It do Carmo, in exercise 9.4, it is claimed that parallel transport along a closed geodesic in an even-dimensional orientable manifold "leaves a vector orthogonal to the geodesic invariant."
So, let $\gamma:[0,a]\to M$ be this geodesic, with $\gamma(0)=\gamma(a)=p$, and let $V\in T_pM$ be orthogonal to $\gamma'(0)$. Let $P_t$ be the parallel transport along the geodesic. From Picard-Lindelöf, it is clear that $P_a\gamma'(0)=\gamma'(a)$. Let $V(t):=P_t V$. I believe the claim is that $V=P_aV$. It is clear that $\langle V(a),\gamma'(0)\rangle=0$, so $V(a)$ lies in the same $\gamma'(0)$-orthogonal subspace ($T_pM^\bot$) as $V$. Let $E_1,\dotsc,E_{n-1}$ be an orthonormal basis of this subspace. Extend these via parallel transport along the geodesic. Then $E_1(a),\dotsc,E_{n-1}(a):=P_aE_1,\dotsc,P_aE_{n-1}$ is also an orthonormal frame of $T_pM^\bot$. Since $P_t$ preserves orientation (I have already proved this), there is an $O\in\mathrm{SO}(n-1)$ such that $E_i(a)=\sum_{j=1}^{n-1}O_i{}^jE_j$.

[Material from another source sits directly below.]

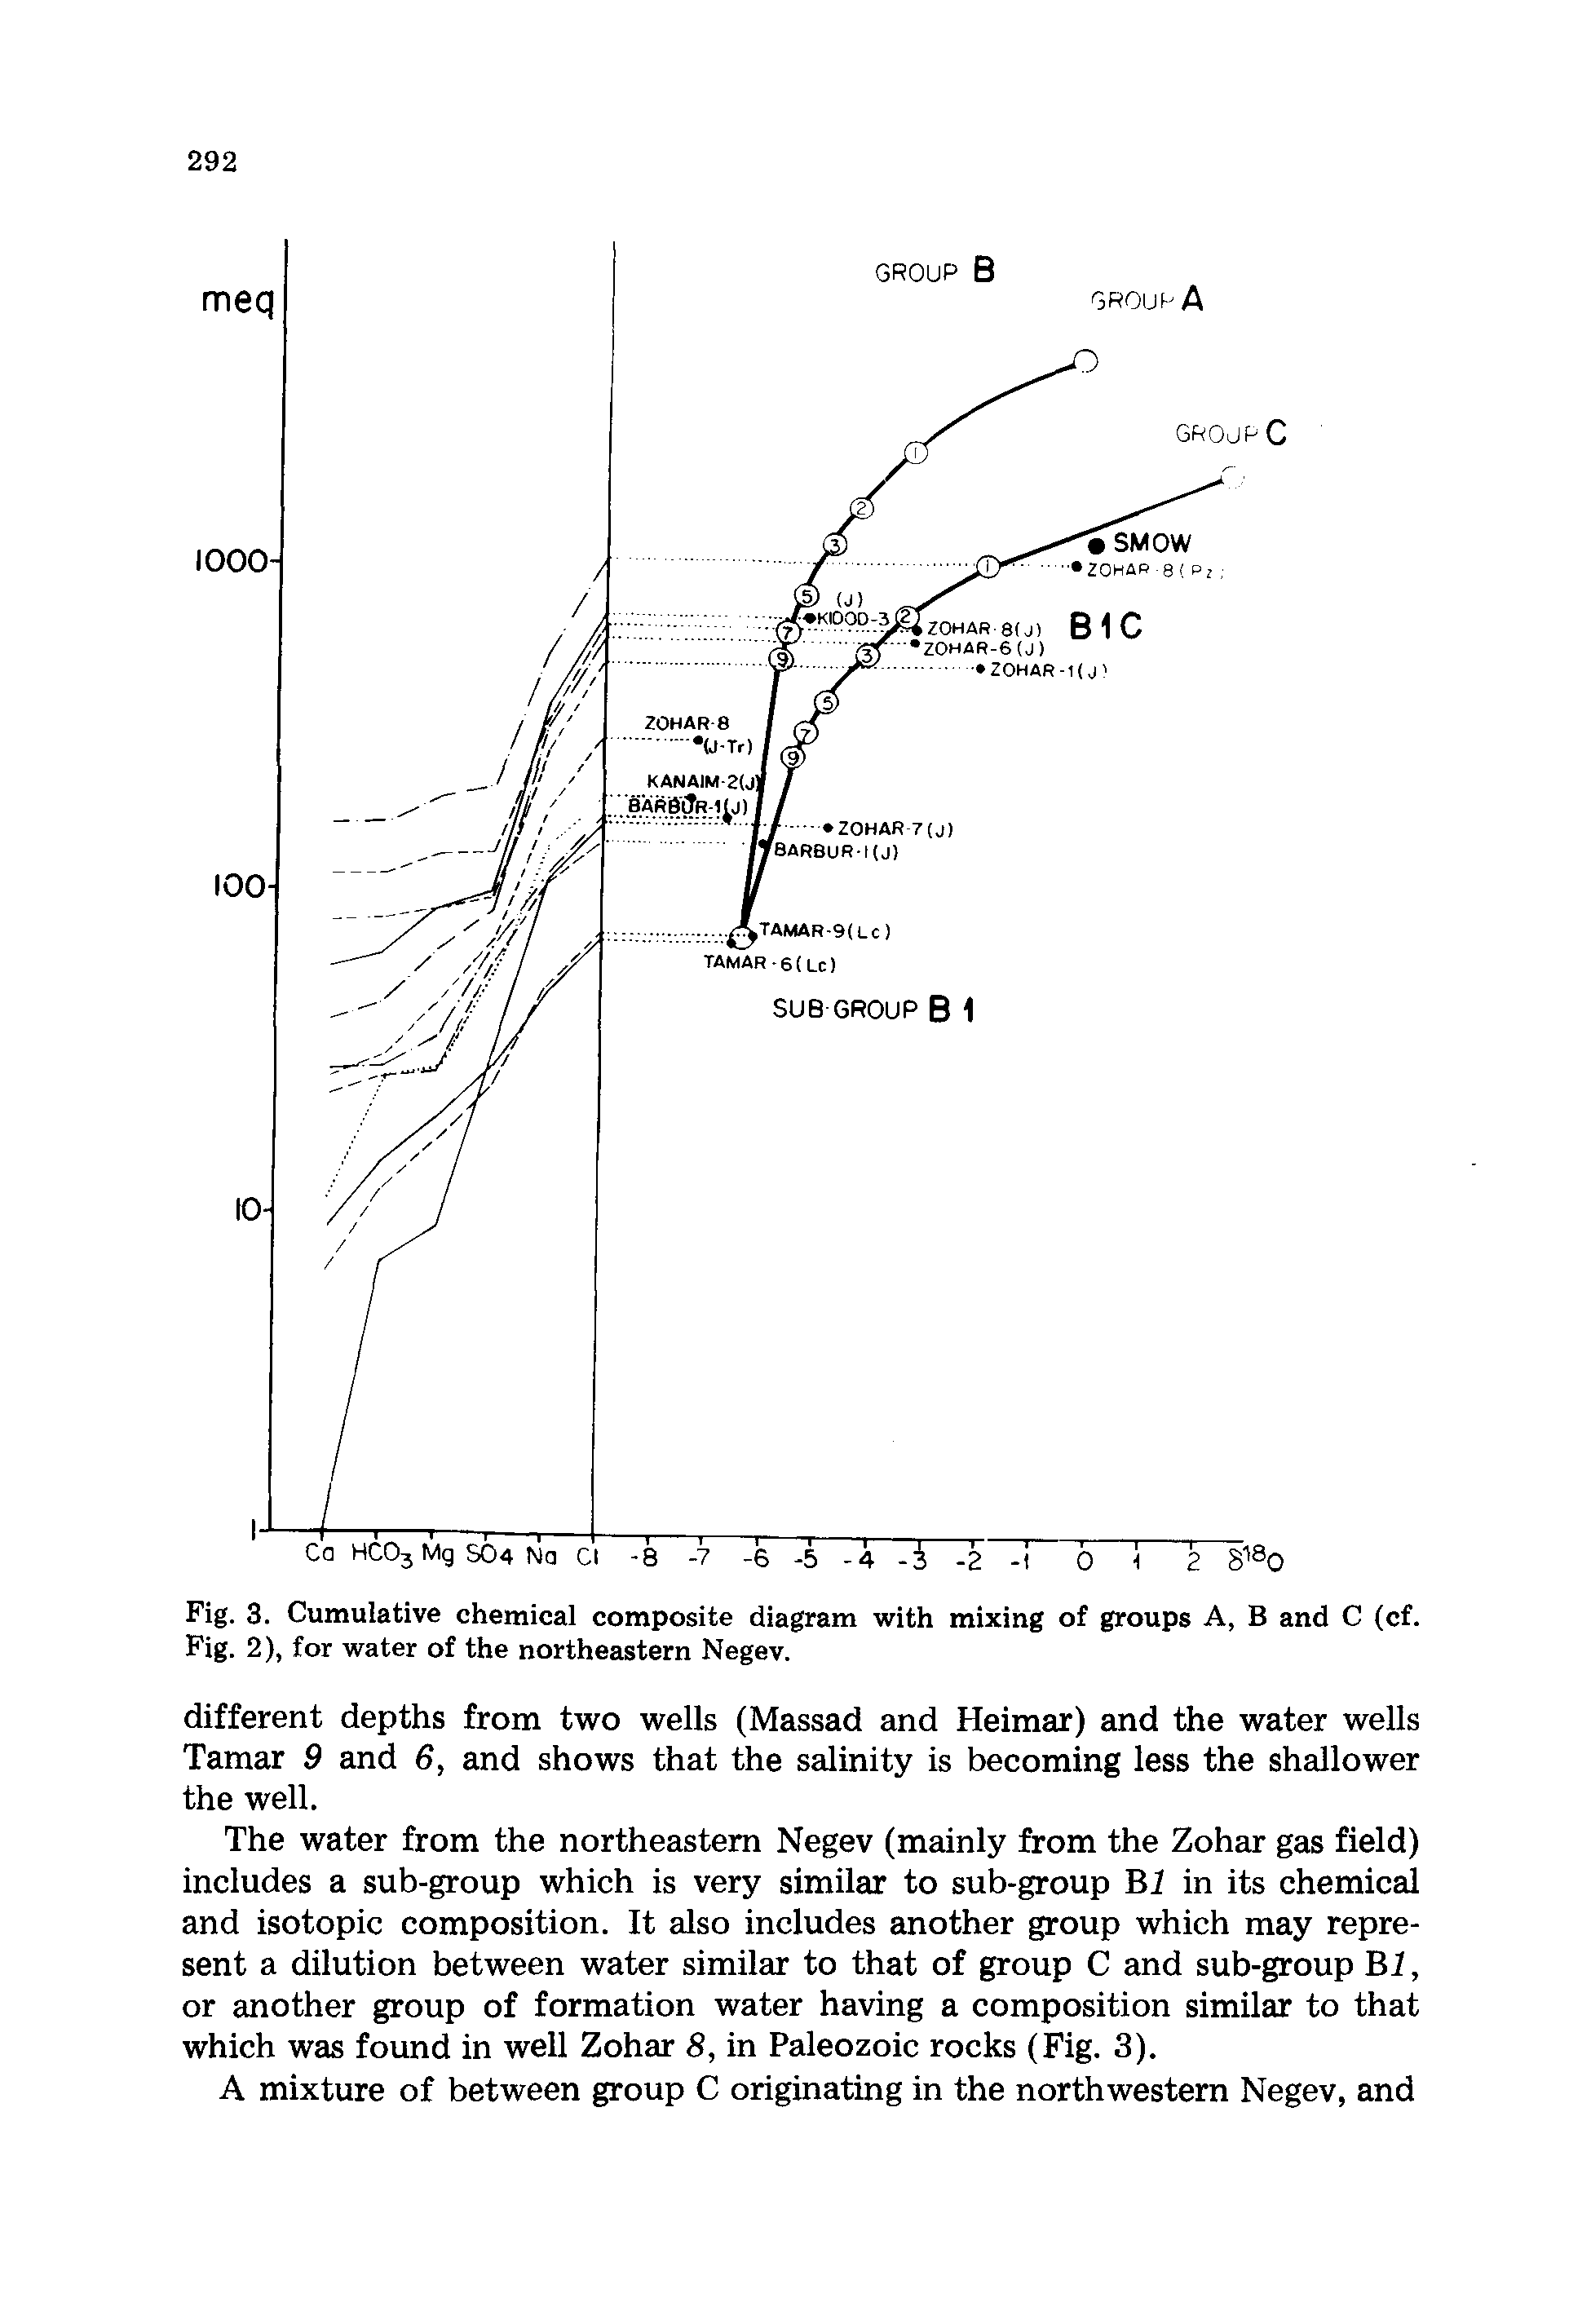 Fig. 3. Cumulative chemical composite diagram with mixing of groups A, B and C (cf. Fig. 2), for water of the northeastern Negev.

At this point I get stuck. I see no reason for $O$ to be the identity or what $M$ being even-dimensional has to do with anything. How do I continue?
Best Answer
You've misinterpreted the statement - you to need to show it leaves one such vector invariant, not all such vectors. (You can reasonably easily produce a counterexample to the stronger statement by constructing a flat $R^3$ bundle over $S^1$ with a twist.)
Thus the problem boils down to showing that every $O \in SO(n-1)$ has a fixed point, which is true exactly when $n-1$ is odd. If you're not familiar with this fact, you can establish it by studying the eigenvalues of $O$, remembering that any complex ones must come in conjugate pairs and that their product (the determinant) is positive.